Meta-issue: make FLINT fast again
fredrik-johansson opened this issue · comments
There are lots of glaring inefficiencies in FLINT. Some kind of overview of possible optimizations might be useful.
General
-
Use pretransformed operands (FFT'ed, Toom'ed, preinverted...) all over the place.
-
Use the stack for more temporary allocations.
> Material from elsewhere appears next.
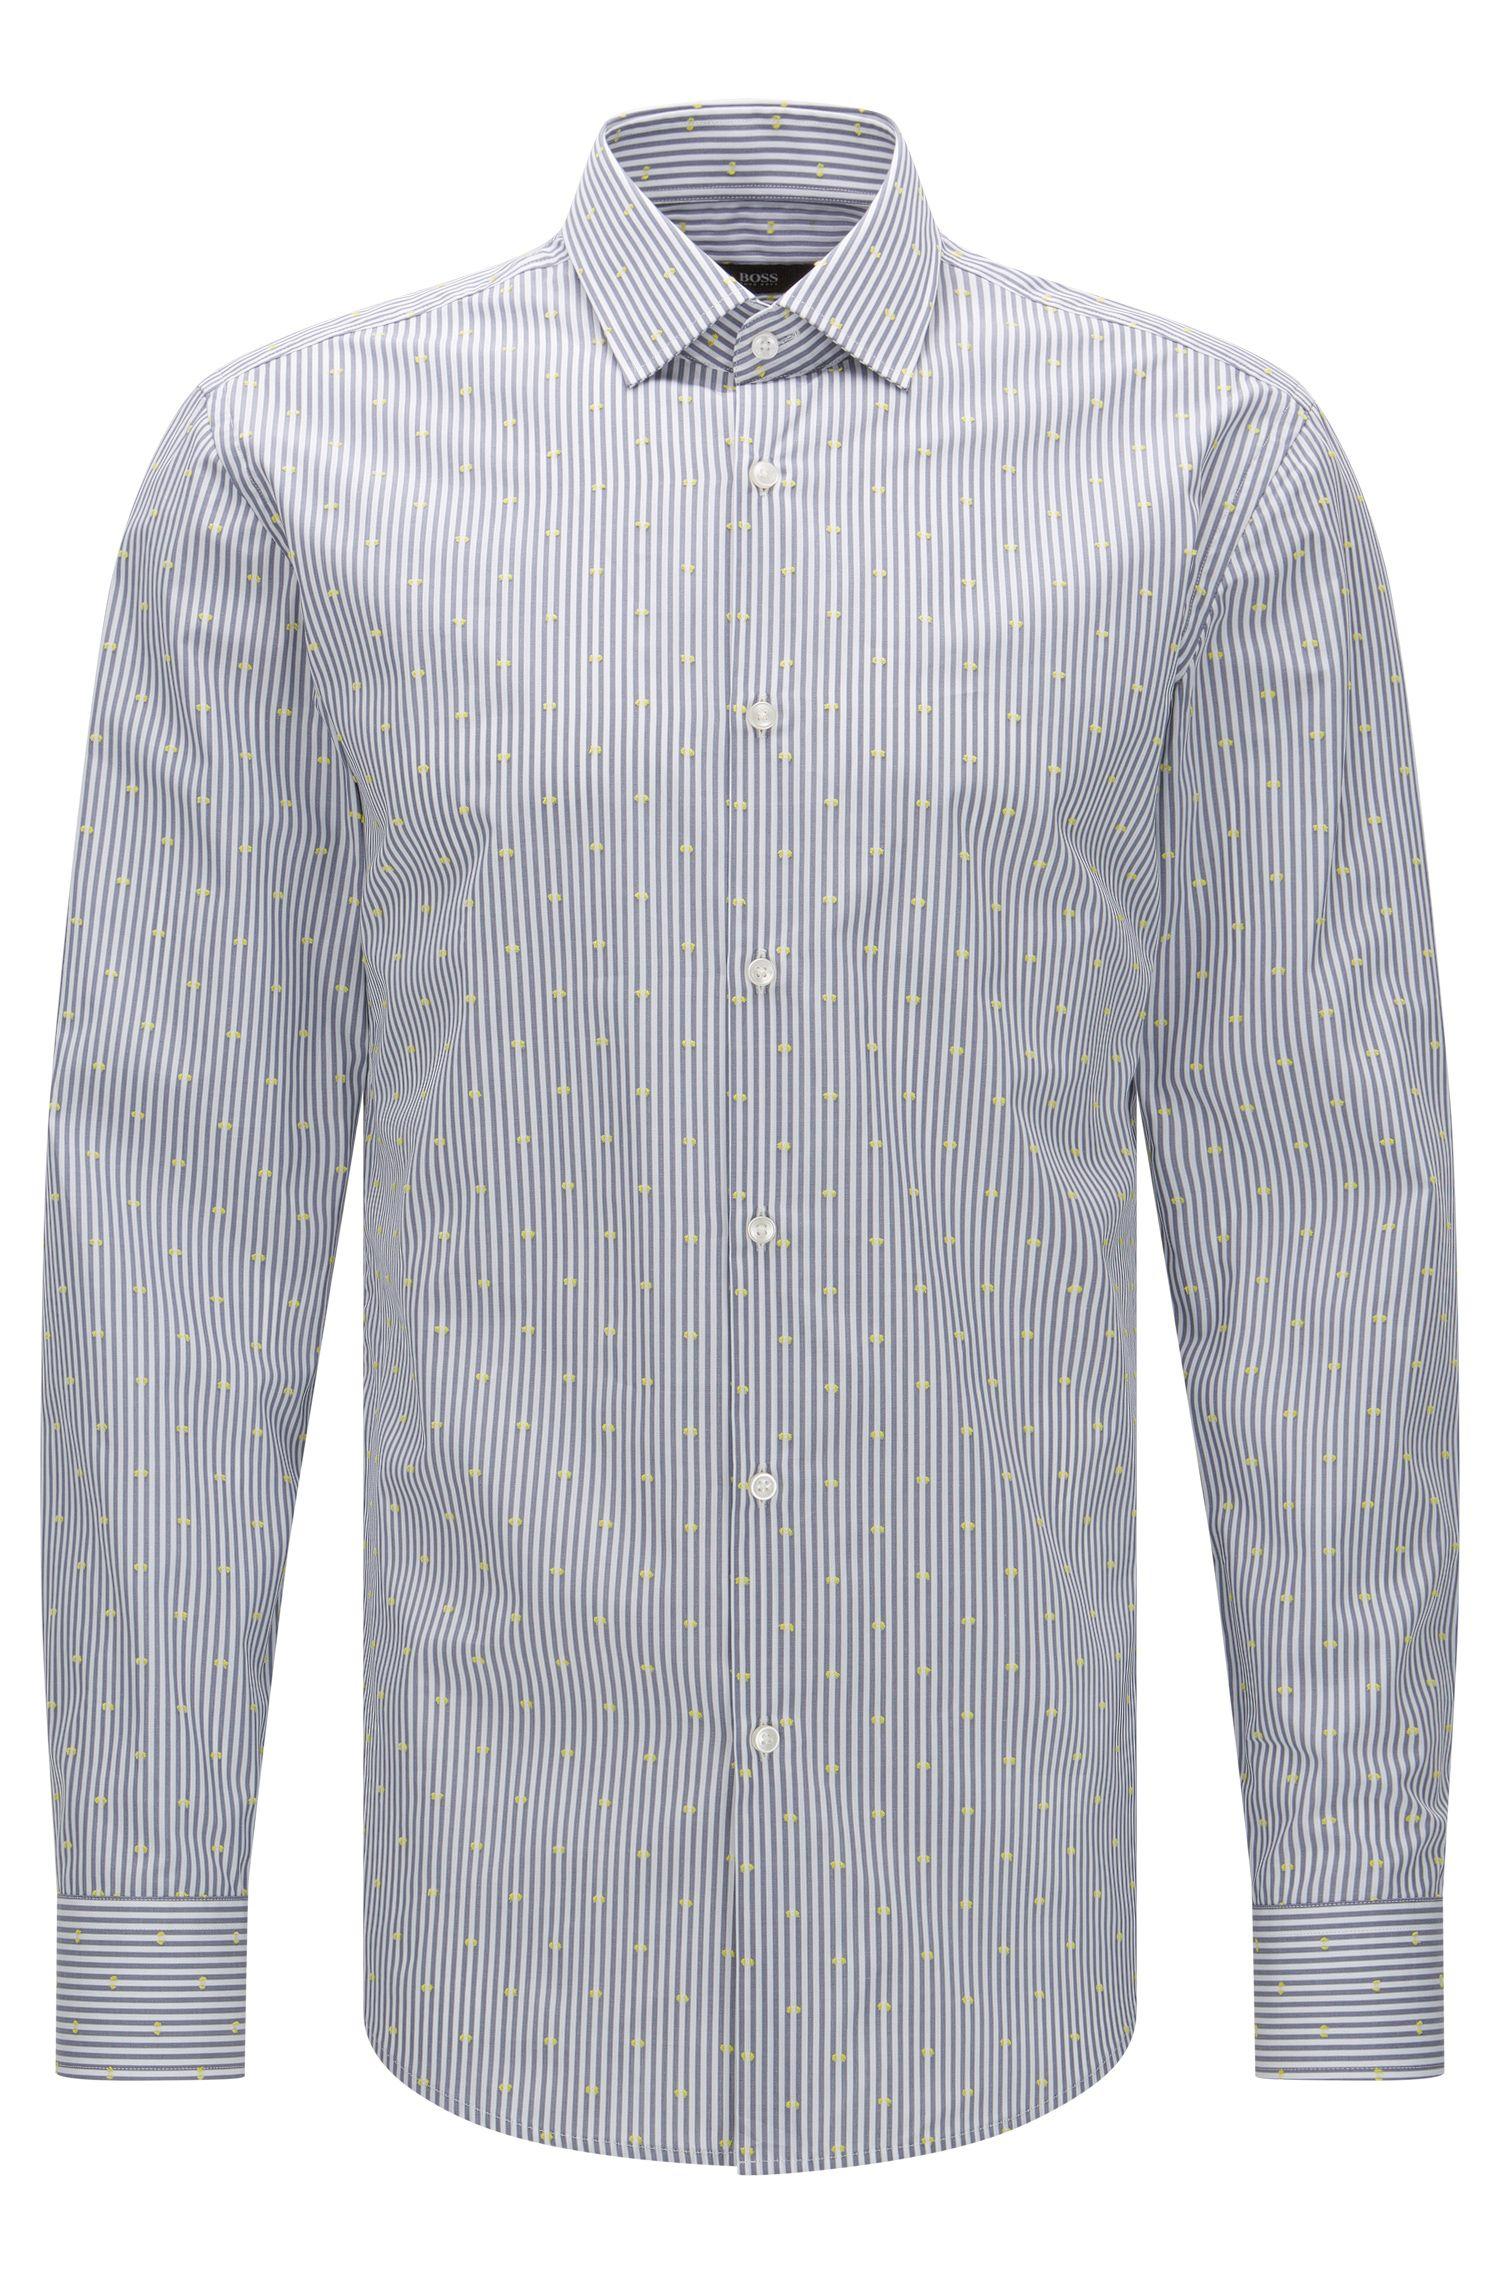 Jacquard Striped Cotton Dress Shirt, Slim Fit | Jenno

When we need malloc, use a better implementation than the GNU one (tcmalloc or mimalloc or whatever is the state of the art these days).
-
More parallel algorithms.
Integers
-
Use inline few-limb arithmetic instead of GMP function calls in many places.
-
Use alternatives to the
mpn
format in appropriate situations:- ~60-bit limbs with delayed carries (vectorization opportunities)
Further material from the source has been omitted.